Big Data ETL
Our client is a major international pharmaceutical company conducting research and development related to a wide range of human medical disorders, including mental illness, neurological disorders, anaesthesia and analgesia, gastrointestinal disorders, fungal infection, allergies, and cancer.
The amount of data required for healthcare researchers to be able to do their work increases daily. Our customer’s databases contain terabytes of data.
This makes it a challenge to perform operations on data — loading new datasets, transforming data, and querying resulting databases — in manageable time.
It is also critical to make sure that the data is of adequate quality, as the results of the medical research depend on it.
Another challenge is to lower the costs of ETL process by automating as much work as possible.
The team performed database and application design, development, quality assurance; data extractions, loads, and transformations; administering of databases and query optimization; users support and issue tracking.

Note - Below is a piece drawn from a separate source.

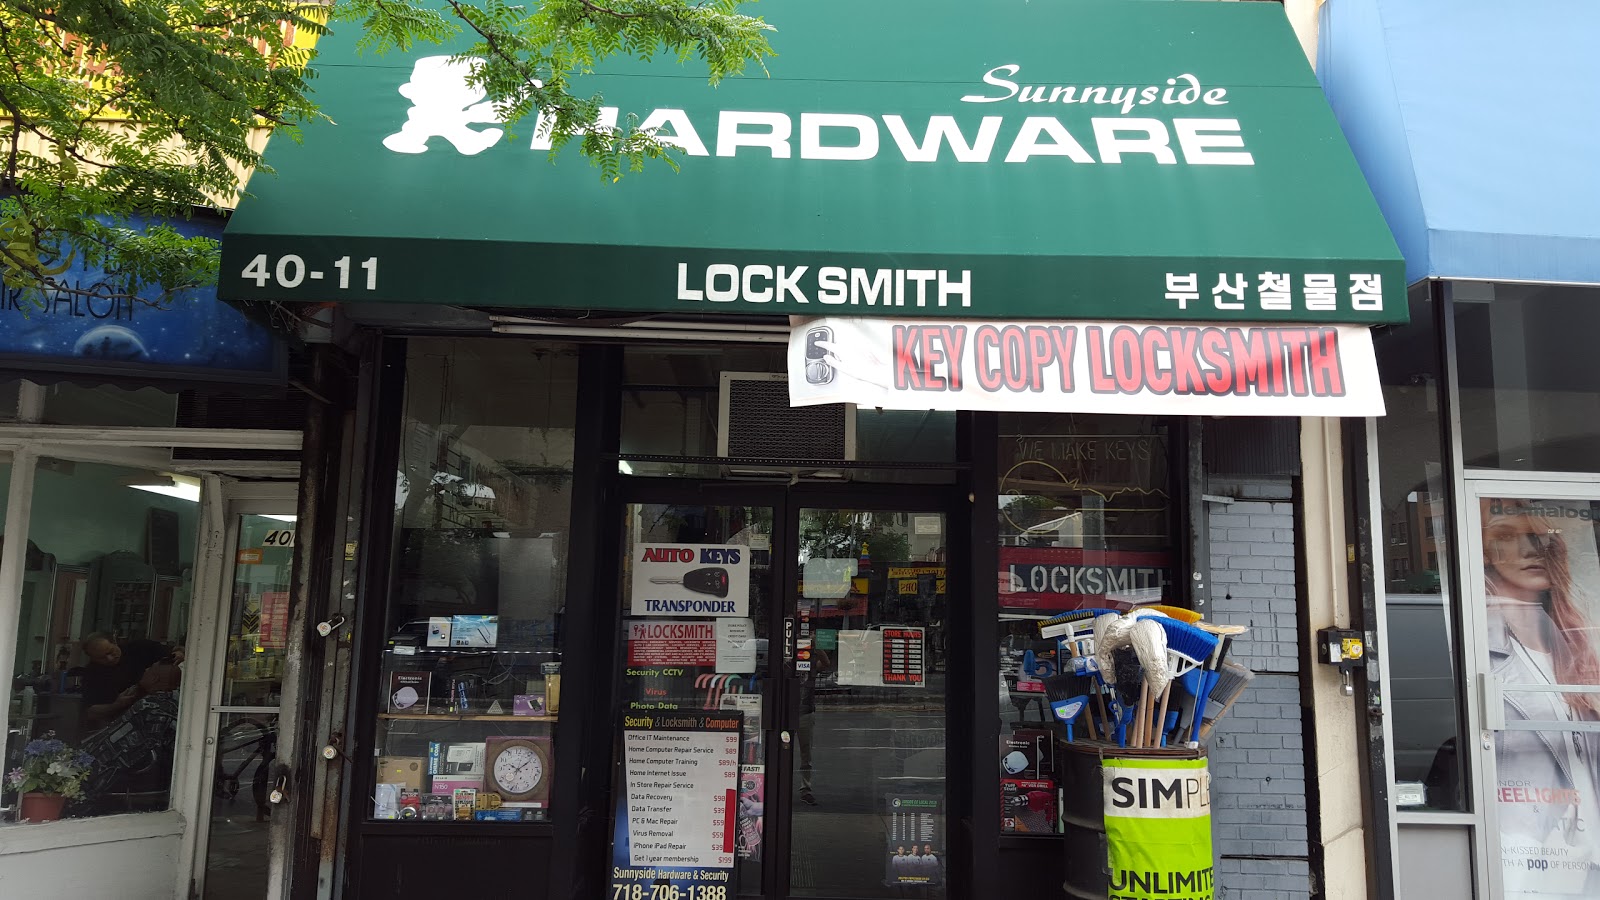 Photo of Sunnyside Hardware in sunnyside City, New York, United States - 1 Picture of Point of interest, Establishment, Store, Hardware store, Locksmith
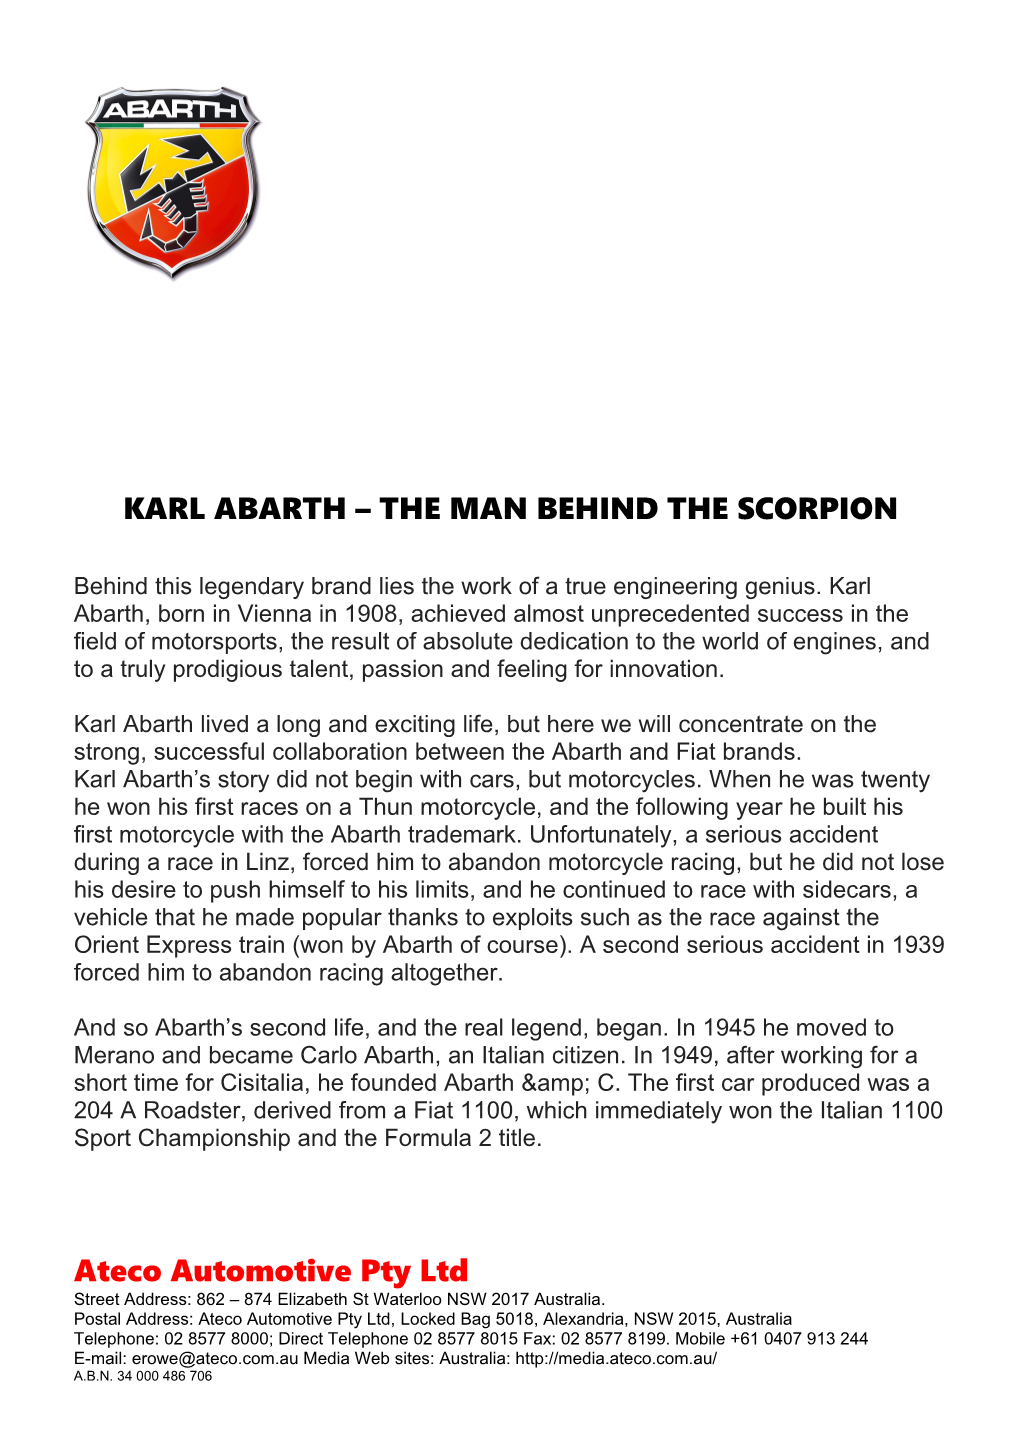 Karl Abarth the Man Behind the Scorpion

In order to be able to operate on huge amounts of data, the latest advanced SQL Server Enterprise edition features were used, such as page-level data compression, horizontal range partitioning, and partition switching.
Some databases are migrated to the massively parallel database system — Analytic Platform System, which improved query performance significantly.
Data quality was enforced by Validation Analysis System — a utility that collects statistics and finds anomalies within loaded data, and a website displaying results.
The majority of ETL operations were automated by Integration Services packages and CDM Builder application.
The CDM Builder — multithreaded & distributed application for transforming a number of popular databases to the Common Data Model. The purpose of the Common Data Model (CDM) is to standardize the format and content of the observational data.
Data load time was significantly improved — in some cases from days and weeks down to hours.
The quality of data was improved with the help of Validation Analysis System.
Data integration process was made mostly automated, requiring little to no human attention.